Plus de 1000 milliardsA qui profite vraiment le trésor de notre 2e pilier?
L'ancien Monsieur Prix, Rudolf Strahm, dénonce l'usage commercial de cet argent alors que les rentes baissent.
- par
- Eric Felley
En 2022, les quelque 1350 caisses de pension du pays avaient sous gestion 1066 milliards de francs épargnés dans la prévoyance professionnelle (2e pilier). Cette colossale fortune sert évidemment à payer les rentes, mais elle fait aussi l'objet d'une utilisation commerciale au sein du système financier helvétique.
L'ancien Monsieur Prix, Rudolf Stahm, spécialiste de la prévoyance professionnelle, estime l'utilisation de cet argent doit faire l'objet d'une plus grande transparence. Dans un article publié dans «20 Minuten», il constate: «Le fonds de pension était censé être un système à but non lucratif, il n'était pas censé générer des bénéfices, mais une énorme activité commerciale a vu le jour».
Le 2e pilier en chute
Depuis une vingtaine d'année, le 2e pilier a connu une érosion manifeste des rentes. En 2002, une personne de 55 ans, avec un revenu annuel de 120 000 francs, pouvait espérer avoir une rente annuelle (AVS et 2e pilier) de 74 920 francs. Cette perspective n'était plus que de 59 200 en 2023, soit 15 720 francs de moins, ou 1310 francs par mois.
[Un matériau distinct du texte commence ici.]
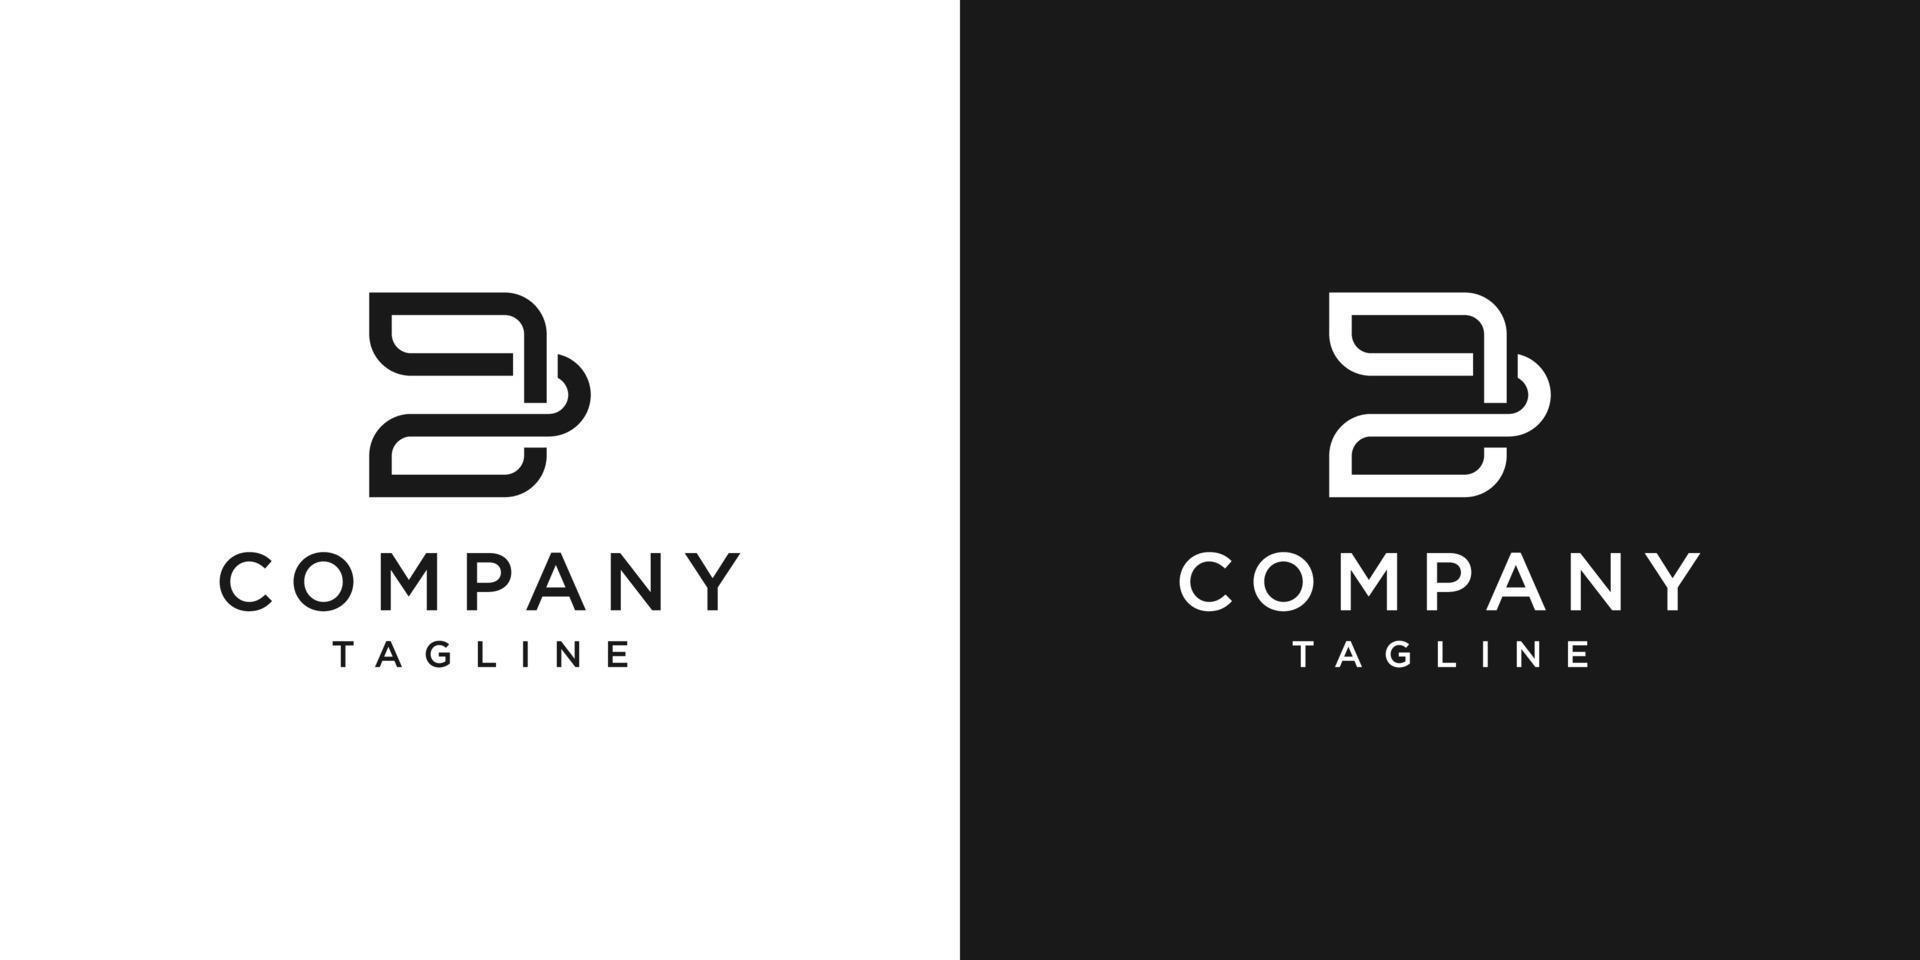 Creative Letter D Monogram Logo Design Icon Template White and Black Background vector

De l'argent qui va aux banques
Durant cette période, Rudolf Strahm a constaté que les frais administratifs des caisses ont plus que doublé, passant les dix dernières années de trois à sept milliards de francs: «D’une part, bien sûr, le capital a augmenté et s’élève à plus de mille milliards, concède-t-il, ce qui entraîne également des dépenses de gestion d’actifs plus élevées. Mais les banques, les gestionnaires d’actifs et les fonds. Cet argent s’infiltre ensuite dans les portefeuilles des banquiers et des gestionnaires de fonds».
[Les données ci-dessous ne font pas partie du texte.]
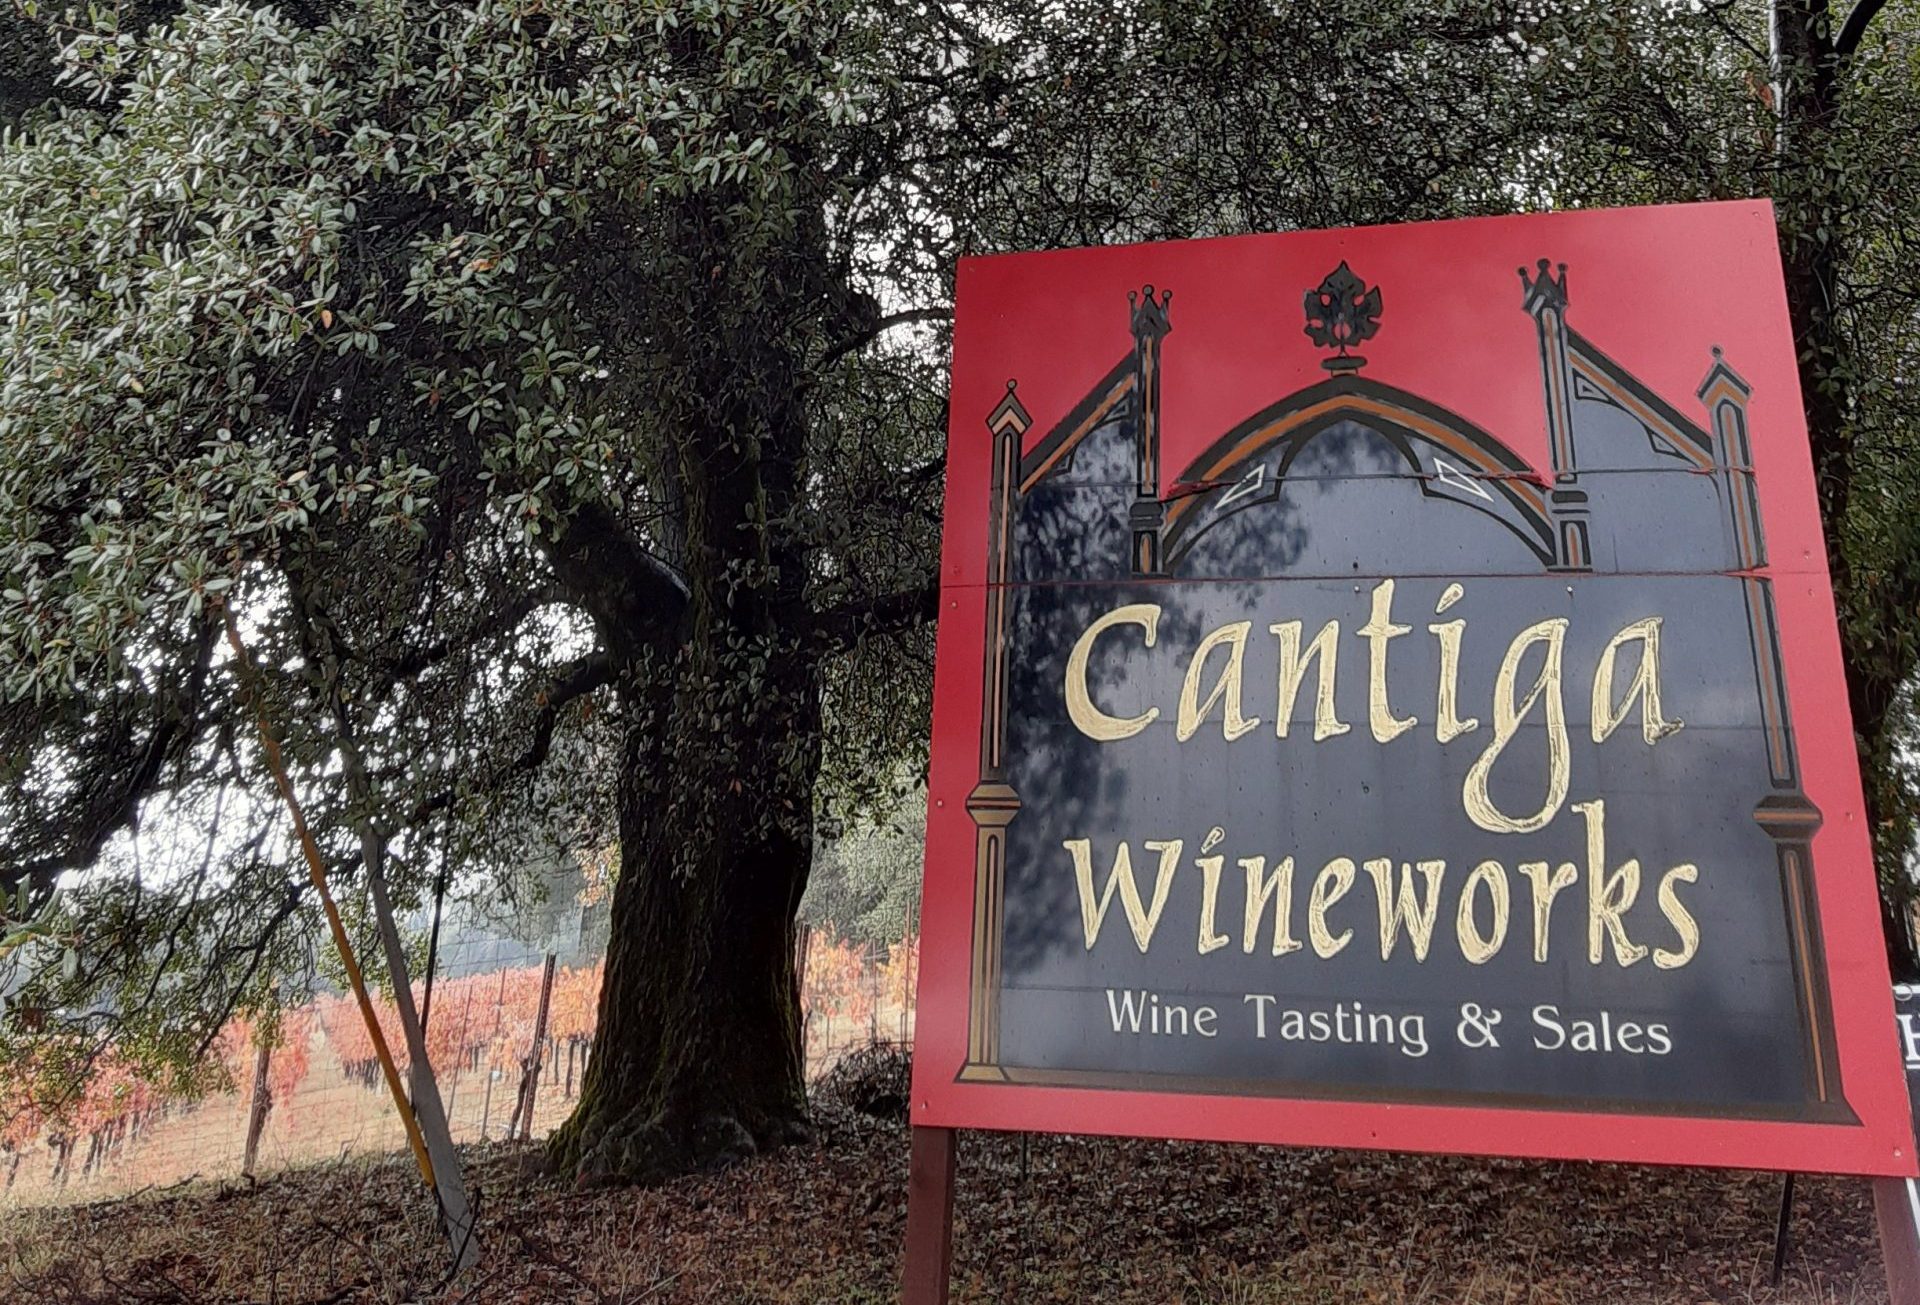 Cantiga Wineworks

Il est rejoint dans ses observations par le porte-parole de l'USS, Urban Hodel: «Une part trop importante de l'argent des assurés est perdue dans le secteur financier, et ce, chaque année davantage. Dans le même temps, les retraites baissent et les fonds de pension se portent bien. Et personne ne s’indigne du fait que des milliards finissent à la Paradeplatz plutôt que dans la population».
Rudolf Strahm ne demande pas de plafonner ces frais, mais il réclame une transparence comme dans les caisses d’assurance maladie, qui doivent justifier leurs primes. Chaque fonds devait montrer de manière transparente quels sont les coûts en matière d'administration et de gestion de fortune.
Nouvelles réalités des caisses
Le directeur de l'Association suisse des institutions de prévoyance, Lukas Müller-Brunner, admet que d'un point de vue statistique les rentes ont baissé ces dernières années: «D’une part, explique-t-il, les caisses de pension s’ouvrent de plus en plus à de nouveaux groupes d’emploi avec moins de capital d’épargne et, par conséquent, des pensions plus faibles, comme les salariés à temps partiel ou ceux avec plusieurs emplois. D'autre part, ces dernières années, de plus en plus de personnes ont opté pour leur capital d'épargne accumulé au lieu d'une pension au moment de leur retraite».
Selon lui, l'augmentation des coûts administratifs est due à de nouvelles charges, telles que les règles de protection des données ou les exigences de contrôle. Le directeur de l'ASIP rappelle aussi les risques du métier: « En matière de gestion d'actifs, il est erroné de se concentrer uniquement sur les coûts. Vous pouvez ainsi économiser de l'argent, mais vous manquez également la possibilité d'obtenir des rendements plus élevés sur les marchés des capitaux».